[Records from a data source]
BEGIN

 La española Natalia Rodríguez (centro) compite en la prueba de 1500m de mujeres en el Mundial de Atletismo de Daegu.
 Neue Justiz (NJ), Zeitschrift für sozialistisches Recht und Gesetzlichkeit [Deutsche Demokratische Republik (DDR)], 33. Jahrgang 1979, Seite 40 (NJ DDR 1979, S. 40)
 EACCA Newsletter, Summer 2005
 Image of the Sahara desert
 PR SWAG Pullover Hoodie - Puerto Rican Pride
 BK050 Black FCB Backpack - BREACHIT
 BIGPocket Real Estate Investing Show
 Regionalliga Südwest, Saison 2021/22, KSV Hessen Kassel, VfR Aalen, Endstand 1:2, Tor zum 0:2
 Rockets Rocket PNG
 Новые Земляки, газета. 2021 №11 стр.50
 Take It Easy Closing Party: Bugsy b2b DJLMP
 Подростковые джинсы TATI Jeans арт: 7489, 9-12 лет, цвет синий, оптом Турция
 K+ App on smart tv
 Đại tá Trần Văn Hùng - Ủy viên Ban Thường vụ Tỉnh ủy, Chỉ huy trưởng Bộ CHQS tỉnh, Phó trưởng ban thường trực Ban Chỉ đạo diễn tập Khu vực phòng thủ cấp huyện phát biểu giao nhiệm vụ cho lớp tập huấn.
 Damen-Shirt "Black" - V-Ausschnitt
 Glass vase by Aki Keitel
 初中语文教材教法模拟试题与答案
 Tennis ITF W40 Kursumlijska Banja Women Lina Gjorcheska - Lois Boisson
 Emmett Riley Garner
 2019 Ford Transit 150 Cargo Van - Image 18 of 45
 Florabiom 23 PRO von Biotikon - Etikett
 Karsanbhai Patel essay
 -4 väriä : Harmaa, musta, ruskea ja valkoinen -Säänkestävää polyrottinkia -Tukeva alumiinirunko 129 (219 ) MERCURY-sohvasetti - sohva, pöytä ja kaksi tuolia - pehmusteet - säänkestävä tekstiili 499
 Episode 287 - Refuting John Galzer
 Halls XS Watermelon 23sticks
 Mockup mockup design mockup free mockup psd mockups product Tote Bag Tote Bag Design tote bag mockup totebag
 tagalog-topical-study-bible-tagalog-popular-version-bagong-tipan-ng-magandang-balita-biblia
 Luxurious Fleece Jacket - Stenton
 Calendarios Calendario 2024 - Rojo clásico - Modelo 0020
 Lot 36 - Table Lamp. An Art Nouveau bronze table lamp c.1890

END

**Required action**: Reply with the lines from the first line of the entries through the line that contains "Regionalliga Südwest, Saison", repeated exactly with both ends kept, and with nothing else.

**Exercise result**:
 La española Natalia Rodríguez (centro) compite en la prueba de 1500m de mujeres en el Mundial de Atletismo de Daegu.
 Neue Justiz (NJ), Zeitschrift für sozialistisches Recht und Gesetzlichkeit [Deutsche Demokratische Republik (DDR)], 33. Jahrgang 1979, Seite 40 (NJ DDR 1979, S. 40)
 EACCA Newsletter, Summer 2005
 Image of the Sahara desert
 PR SWAG Pullover Hoodie - Puerto Rican Pride
 BK050 Black FCB Backpack - BREACHIT
 BIGPocket Real Estate Investing Show
 Regionalliga Südwest, Saison 2021/22, KSV Hessen Kassel, VfR Aalen, Endstand 1:2, Tor zum 0:2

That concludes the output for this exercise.